Moral & Conceptual Tensions

Forecasting reframes conflict as data as probability surfaces on maps. But violence is always rooted in agency, history, inequality, power struggles, identity, and moral failures. No algorithm can encode the legacy of colonialism, the betrayals of peace agreements, or the sudden rupture of trust. Reducing these to input features risks flattening complexity.

Moreover, the more we come to “expect” conflict through data, the more human surprise and shock are domesticated. War becomes forecastable, perhaps banal, rather than tragic. As scholars like Max Murphy, Ezra Sharpe, and Kayla Huang argue, we should treat predictive conflict models cautiously as their value lies in heuristic insight, not techno-fetishism ResearchGate.

From Prediction to Prevention: The Hard Gap

Forecasting without response is forecasting in vain. Many early warning systems fail because alerts don’t trigger credible action. Countries receive warnings but lack capacity, political will, or coordination to intervene.

Even within the UN system, integrating predictive tools is far from straightforward. Eduardo Albrecht’s UNU discussion warns that predictive technologies often run against uneven data quality, political resistance, and automation bias (where decision makers over-rely on algorithmic suggestions) United Nations University.

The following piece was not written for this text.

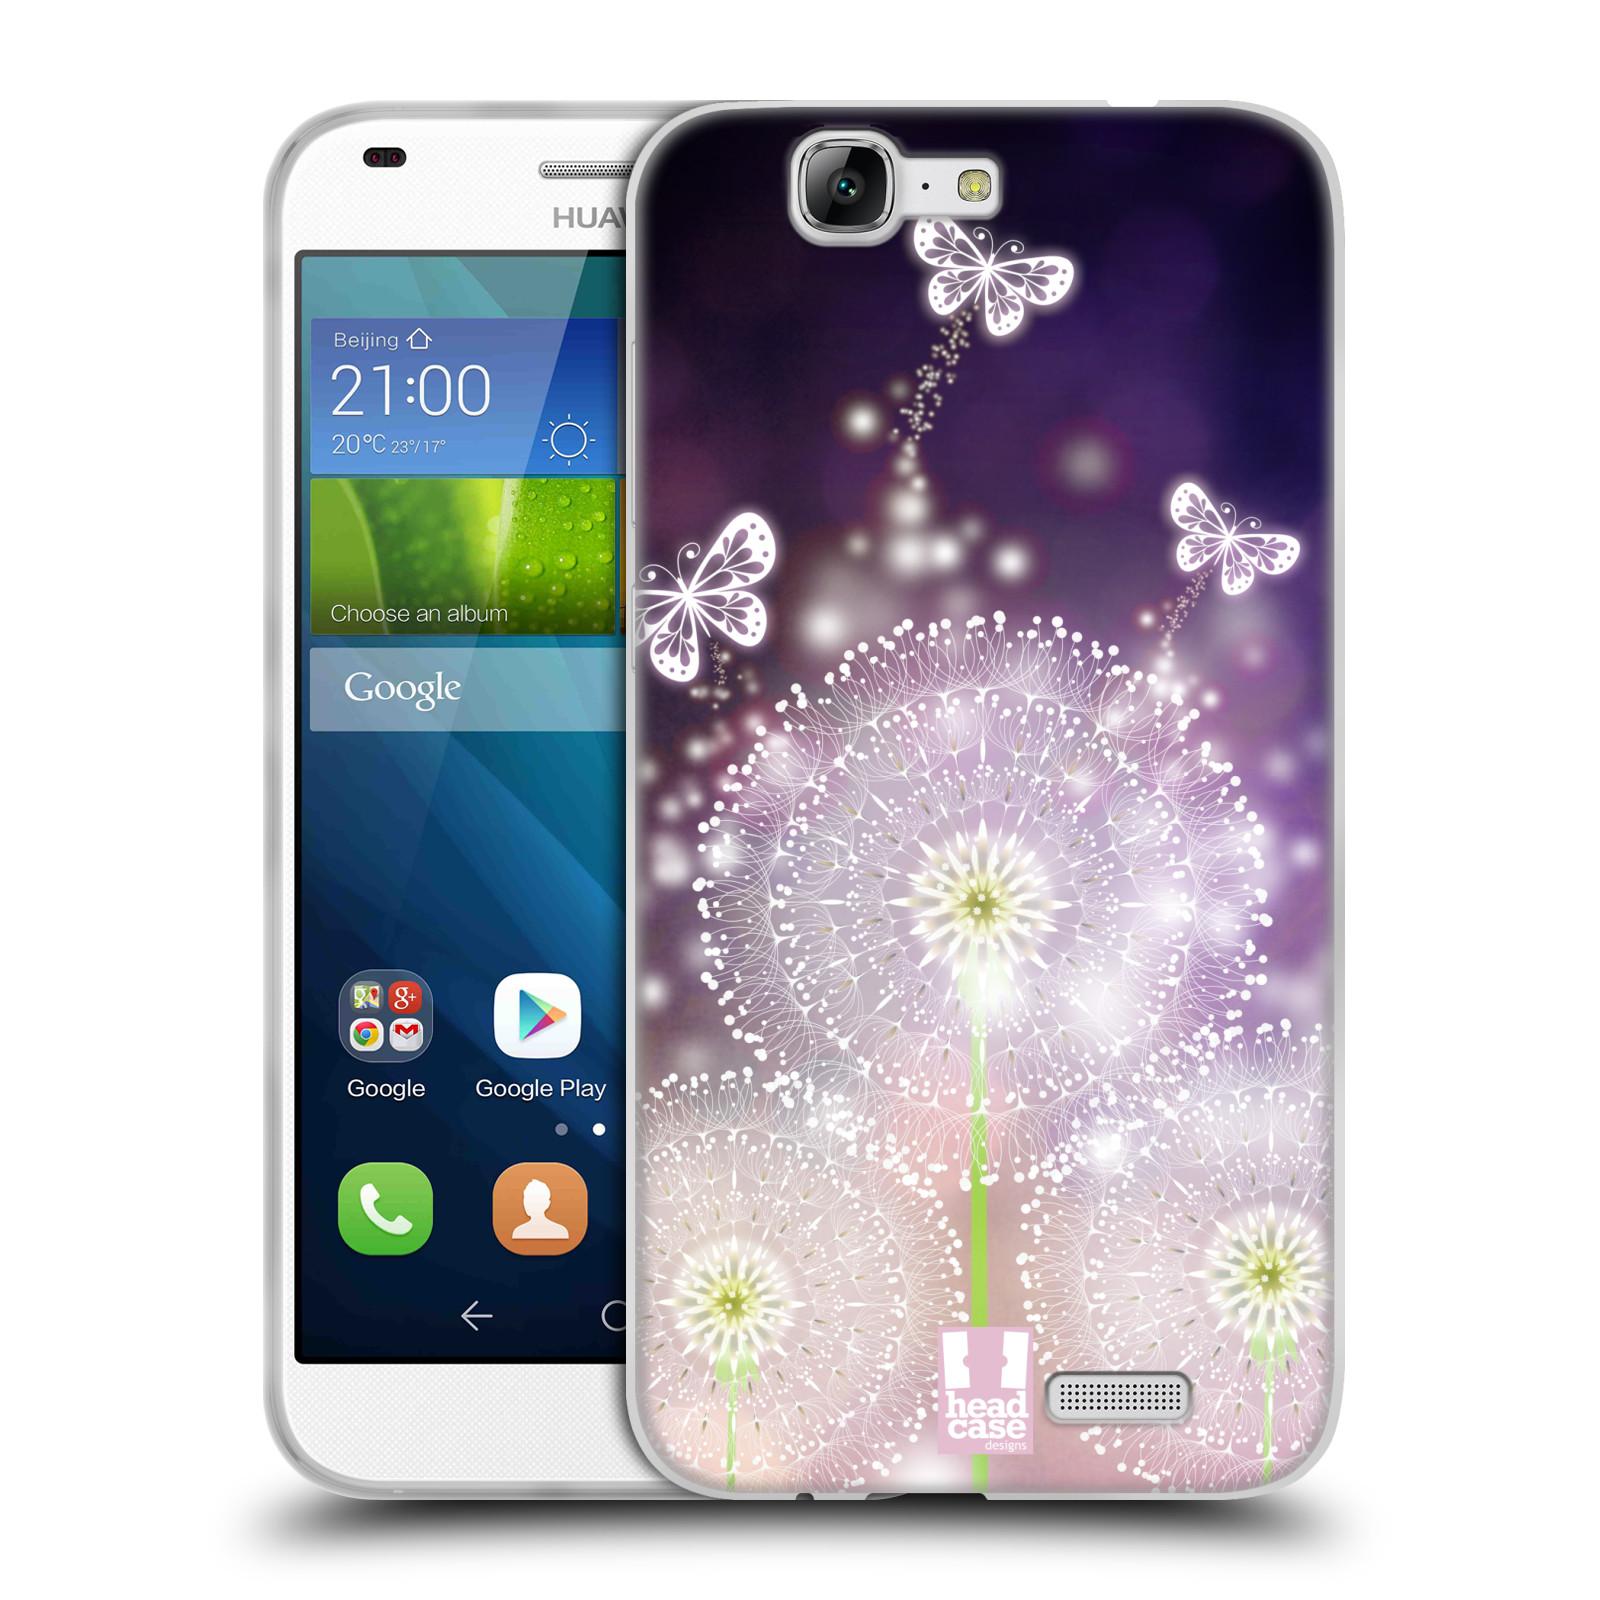 Silikonové pouzdro na mobil Huawei Ascend G7 HEAD CASE Pampelišky a Motýlci (Silikonový kryt či obal na mobilní telefon Huawei Ascend G7)

Practically, a system like WFP’s Conflict Forecast may flag rising protest risk in a region, but whether humanitarian agencies, national governments, or regional bodies can act is a separate question. The forecast is only an input not a guarantee of action.

Given the empirical and normative landscape, my core position is this: conflict forecasting by AI is no silver bullet, but it is a useful tool if (and only if) we embed it within democratic governance, local legitimacy, and accountability frameworks.

1. Forecasts must be open and auditable. Tools such as VIEWS publish code and datasets for peer review, which is a model to emulate GitHub+1.

2. Human-in-the-loop decision making is non-negotiable. Predictions should inform deliberation, not replace it.

3. Ethical limits on use must bind forecasts. They should not be used to justify repression or surveillance of marginalized communities.

4. Localized co-design and contextual validation: forecasting models must not be monolithic global templates. A model may struggle when transplanted from Congo to Nepal without retraining and local adaptation.

5. Precautionary deployment: pilots should be carefully tested, error rates disclosed, and negative side effects monitored (false positives, overreaction, stigmatization).

Conclusion

AI-driven conflict forecasting offers a tantalizing possibility: to see violence before it ignites. But it also presents a deep moral danger: to replace political judgment with computational authority. So long as forecasting remains divorced from action, transparency, and accountability, it risks becoming a tool of power rather than protection.

Forecasting war cannot guarantee peace. But used with humility, it can sharpen our vigilance, prompt timely mediation, and guide resources. The real test is whether society can retain moral agency in the face of predictive power.